Let’s continue our static analysis:

 

# strings -a the-binary

  <-lots of output lines deleted->

 

From its output we can conclude several things:

 

The multiple entries like:

 

GCC: (GNU) 2.7.2.l.2

 

indicate the program has been generated with gcc version 2.7.2.1.2.

 

@(#) The Linux C library 5.3.12

 

Confirms this is a linux binary, compiled with libc version 5.

 

These lines are quite interesting:

 

[mingetty]

/tmp/.hj237349

/bin/csh -f -c "%s" 1> %s 2>&1

TfOjG

/sbin:/bin:/usr/sbin:/usr/bin:/usr/local/bin/:.

PATH

HISTFILE

linux

TERM

/bin/sh

/bin/csh -f -c "%s"

 

mingetty is a minimal getty process for virtual consoles (see man 8 mingetty). Why should this be here?

/tmp/.hj237349 indicates a temporal filename, the leading dot is a simple method of trying to hide it.
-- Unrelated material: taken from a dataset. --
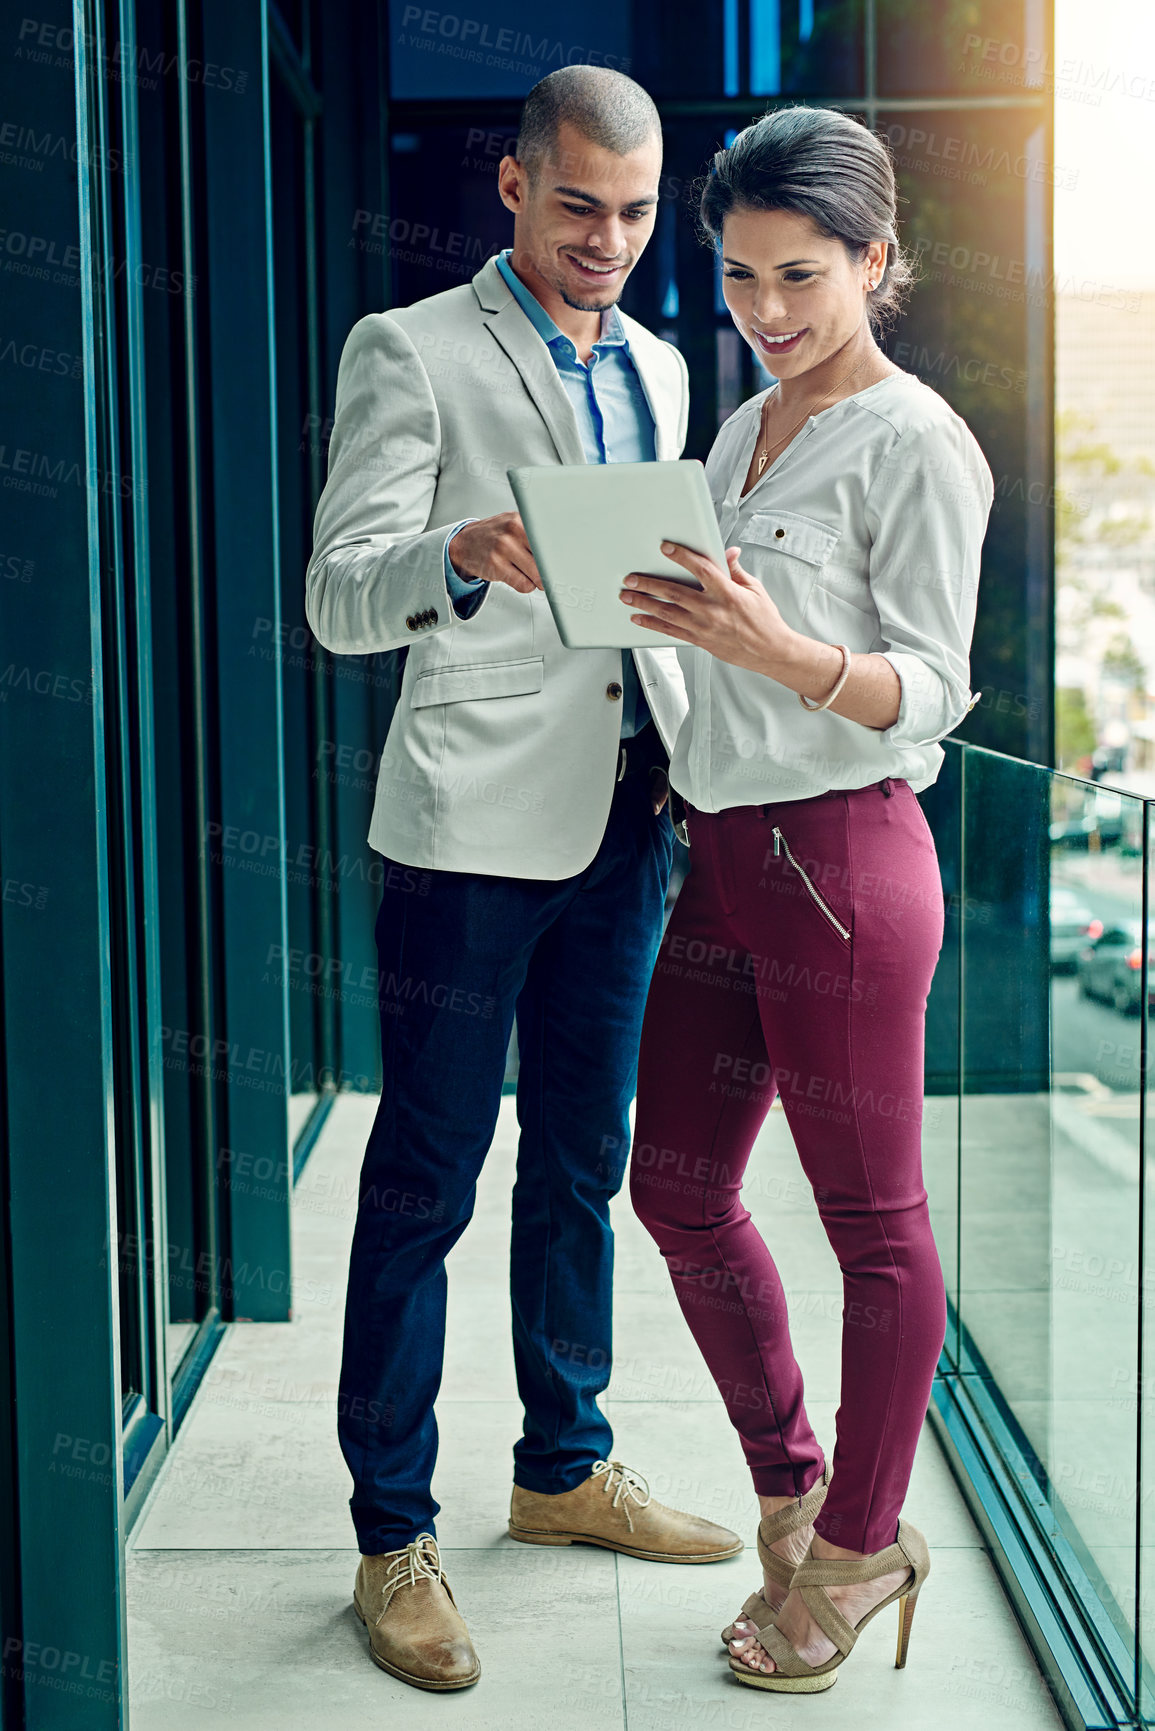 Buy stock photo Shot of two young coworkers using a digital tablet together at work

/bin/csh –f –c “%s” 1> %s 2>&1, and the other csh reference indicates that, at some point, the program will try to execute a command with csh, redirecting its output.

TfOjG seems to be a password-like string. Maybe at some point it is used to validate user input.
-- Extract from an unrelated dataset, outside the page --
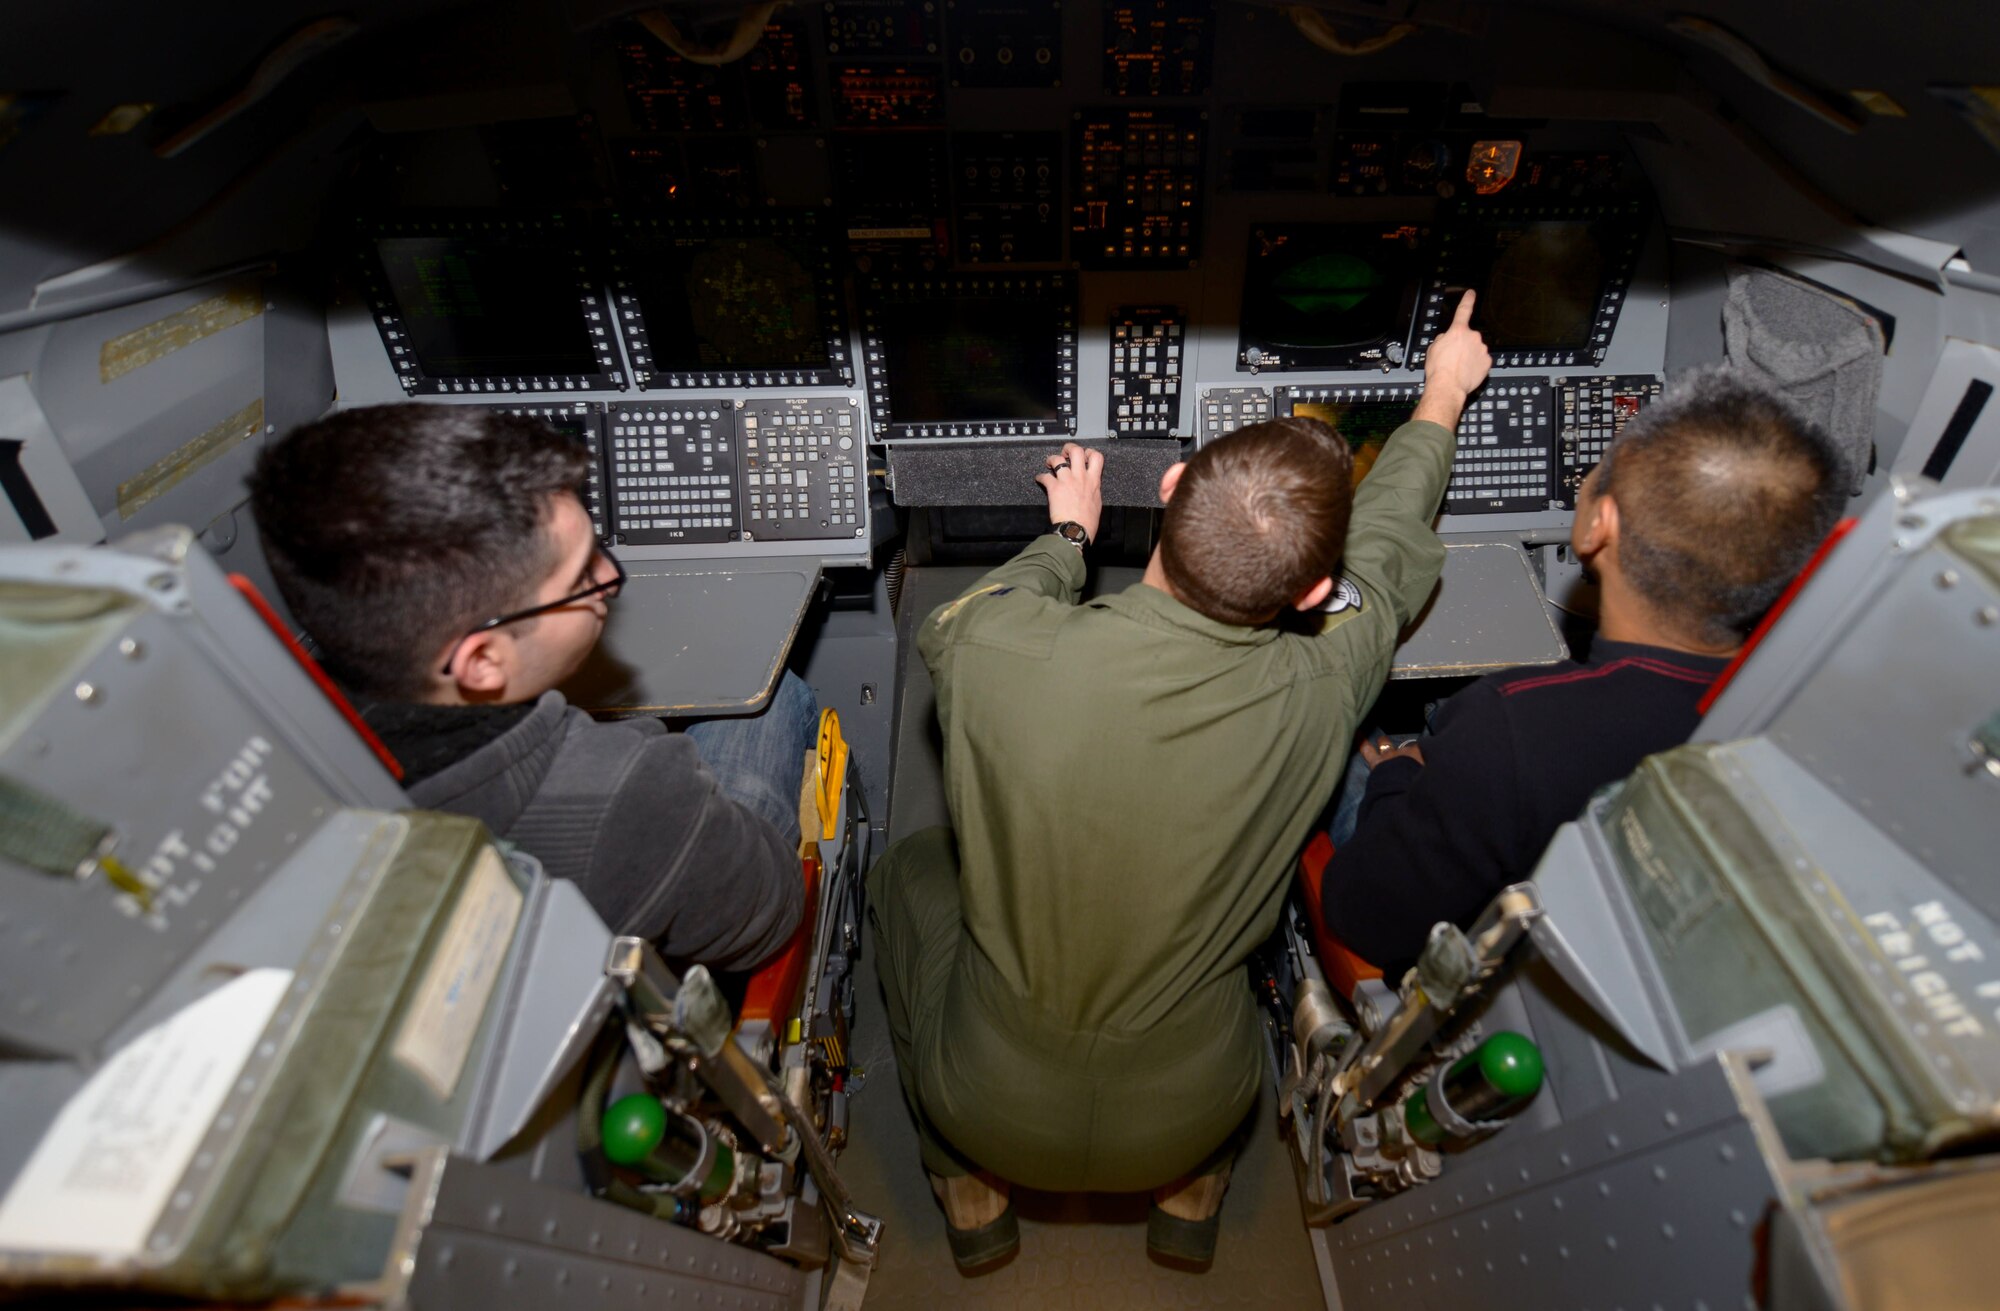 Tech. Sgt. Roderick Marquez, a logistics non-commissioned officer in charge assigned to the 28th Civil Engineer Squadron, and Shawn Horton, a client systems technician assigned to the 28th Munitions Squadron, join Capt. Anthony Bunker, a weapon systems officer assigned to the 34th Bomb Squadron, in a B-1 simulator in Ellsworth Air Force Base, S.D., Dec. 20, 2016. The 28th Operations Support Squadron hosted B-1 simulator tours for a few days allowing military members and their families a chance to “fly” the BONE. (U.S. Air Force photo by Airman 1st Class Donald C. Knechtel)

PATH, HISTFILE, etc... are common shell environment variables. This shows that, somewhere, the program is able to open a shell.

 

%d.%d.%d.%d

%u.%u.%u.%u

%c%s

gethostby*.getanswer: asked for "%s", got "%s"

RESOLV_HOST_CONF

/etc/host.conf

order

resolv+: %s: "%s" command incorrectly formatted.

 

..and etc... indicates that the library resolv+ (now part of libc) is included in the binary. So, at some point, the program will try to resolve hostnames or IP addresses; some network activity is expected then.

 

The lines

yplib.c,v 2.6 1994/05/27 14:34:43 swen Exp

/var/yp/binding

 

and many others like them indicate the presence of libc NIS calls. The resolv+ library uses them, but they could also be called directly.

 

The string

*nazgul*

 

seemed very suspicious (a password or the like), but a quick search on the web showed us it marks the beginning of a Linux compiled message catalog. It is so fun to learn...

 

We then proceeded to get file information from objdump.

 

# objdump -x the-binary

 

the-binary:     file format elf32-i386

the-binary

architecture: i386, flags 0x00000102:

EXEC_P, D_PAGED

start address 0x08048090

 

Program Header:

    LOAD off    0x00000000 vaddr 0x08048000 paddr 0x08048000 align 2**12

         filesz 0x00024222 memsz 0x00024222 flags r-x

    LOAD off    0x00024228 vaddr 0x0806d228 paddr 0x0806d228 align 2**12

         filesz 0x0000c094 memsz 0x00011970 flags rw-

             

Sections:

Idx Name          Size      VMA       LMA       File off  Algn

  0 .init         00000008  08048080  08048080  00000080  2**4

                  CONTENTS, ALLOC, LOAD, READONLY, CODE

  1 .text         0001f53c  08048090  08048090  00000090  2**4

                  CONTENTS, ALLOC, LOAD, READONLY, CODE

  2 __libc_subinit 00000004  080675cc  080675cc  0001f5cc  2**2

                  CONTENTS, ALLOC, LOAD, READONLY, DATA

  3 .fini         00000008  080675d0  080675d0  0001f5d0  2**4

                  CONTENTS, ALLOC, LOAD, READONLY, CODE

  4 .rodata       00004c4a  080675d8  080675d8  0001f5d8  2**2

                  CONTENTS, ALLOC, LOAD, READONLY, DATA

  5 .data         0000c084  0806d228  0806d228  00024228  2**2

                  CONTENTS, ALLOC, LOAD, DATA

  6 .ctors        00000008  080792ac  080792ac  000302ac  2**2

                  CONTENTS, ALLOC, LOAD, DATA

  7 .dtors        00000008  080792b4  080792b4  000302b4  2**2

                  CONTENTS, ALLOC, LOAD, DATA

  8 .bss          000058dc  080792bc  080792bc  000302bc  2**2

                  ALLOC

  9 .note         00000d5c  00000000  00000000  000302bc  2**0

                  CONTENTS, READONLY    

 10 .comment      00000ea6  00000000  00000000  00031018  2**0

                  CONTENTS, READONLY

objdump: the-binary: no symbols  

 

****************

The program will beging at memory address 0x08048000.

The program will be loaded at address 0x08048000+00000090=0x08048090.

The .text section is "big": 0x0001f53c bytes.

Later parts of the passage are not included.